The problem with running such simulations, as Bob b touched on, is that we must apply some selection criteria. And since we're not really using life-forms, reproductive success isn't really a viable option. Dawkins chose to use "anything towards the goal" as his selection criteria. If we were trying to apply his program as a real-life analogy, the assumption made is not that evolution works towards a specified product, rather evolution works as an algorithm towards a goal. That goal is increased reproductive fitness. Thus, with Dawkins program and in mine, the underlying assumption is that each mutation is a positive mutation (i.e. it must benefit the organism, or at least not harm the organism). Consider the following simulation of the evolution of a gene sequence.

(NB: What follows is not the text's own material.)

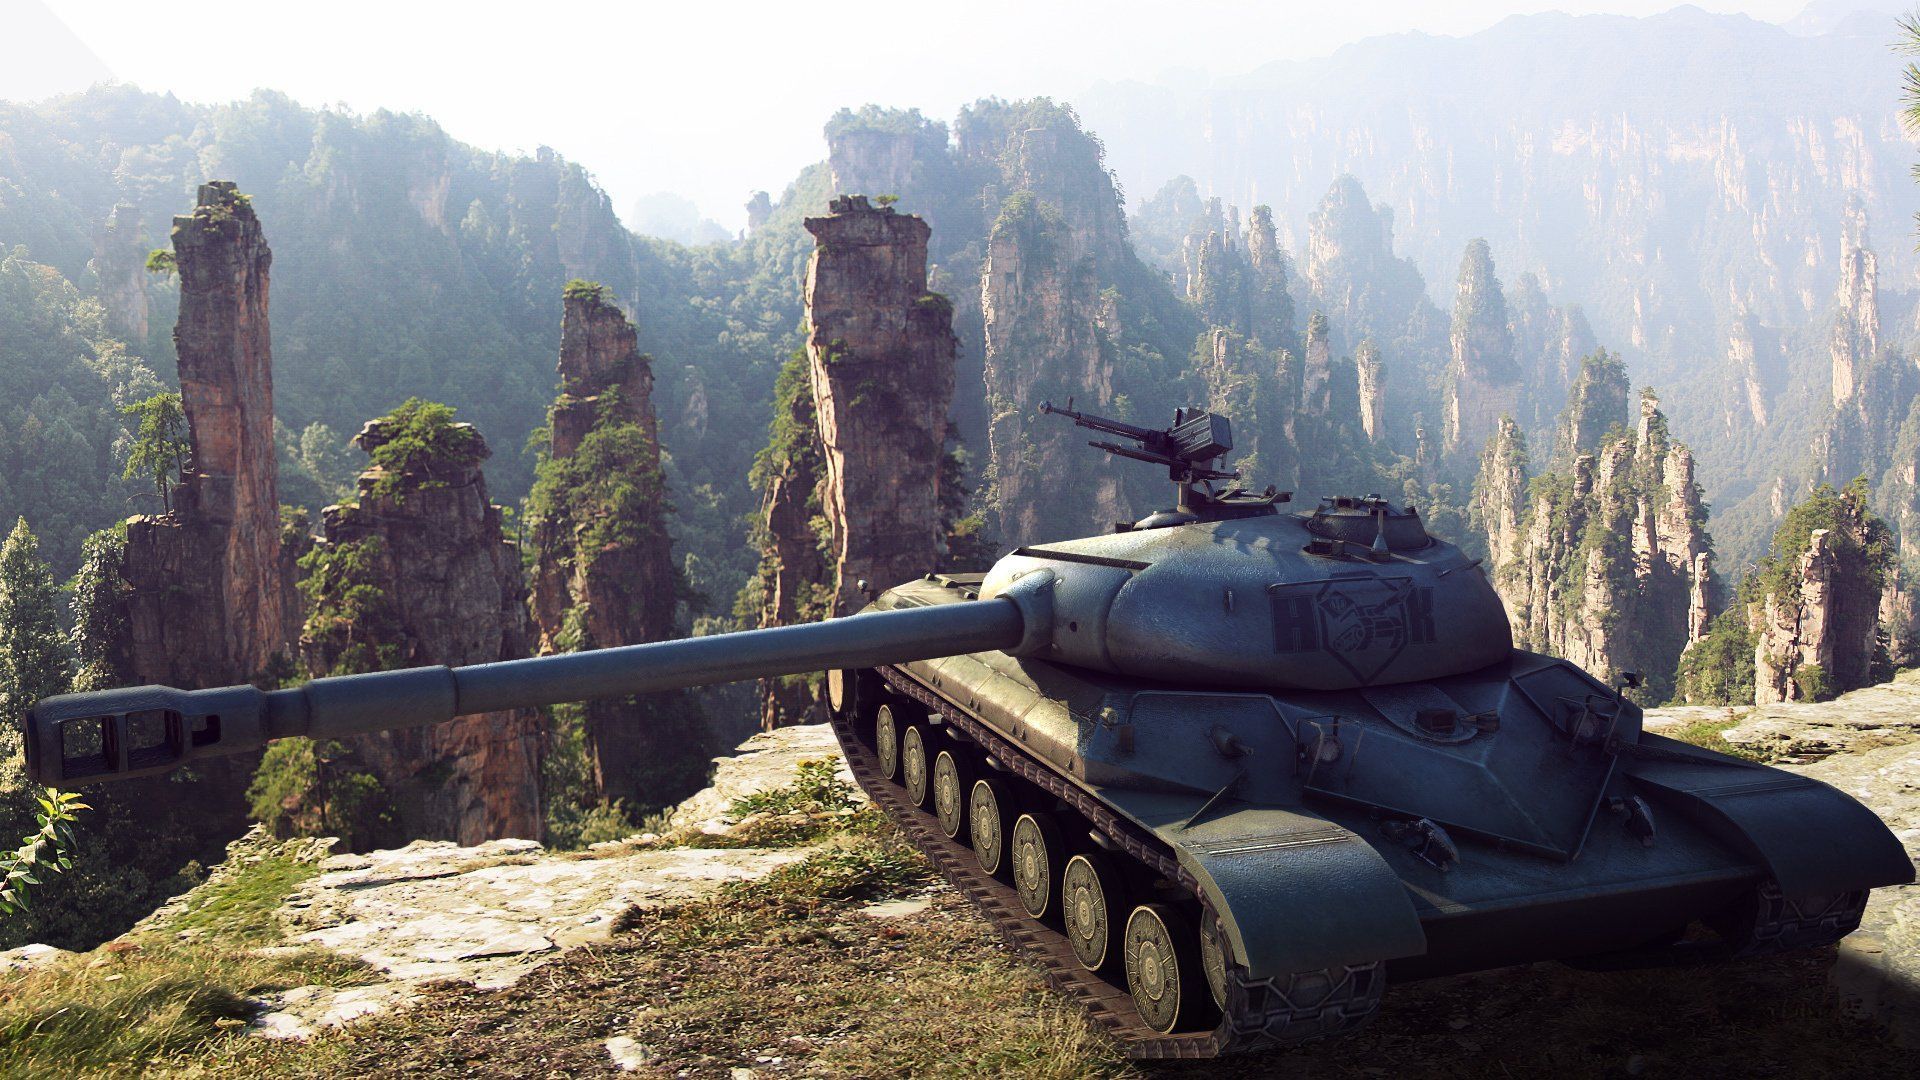 World Of Tanks HD Wallpapers, World Of Tanks Images, New Backgrounds

TTT CTT CTG TTC AAG AAC ATC TCC TTG
TTT CTT CTG TCC AAG AAC ATC TCC TTG
TTT ATT CTG TCC AAG AAC ATC TCC TTG
TTT ATT CTG TCC AAG AAC ATC TCC TTA
Final sequence:
TTT ATT CTG TCC AAG AAC ATC TCC TTA
The assumption at each of those intermediate sequences is that it is working towards a goal. In my simulation, that goal is the target sequence. In real life, that goal is increased reproductive fitness. So while the program may spit out a number in the form of years (that sequence took 547 years to evolve in a population of 15000 organisms with 100k genes each replicating once a year with a mutation rate of one per replication), there is also the assumption that each intermediary stage is beneficiary. In real life, we are not guaranteed that. So a real simulation is actually very difficult to accomplish, because you to program a defined set of instructions or a guidelines by which to compare each intermediate form.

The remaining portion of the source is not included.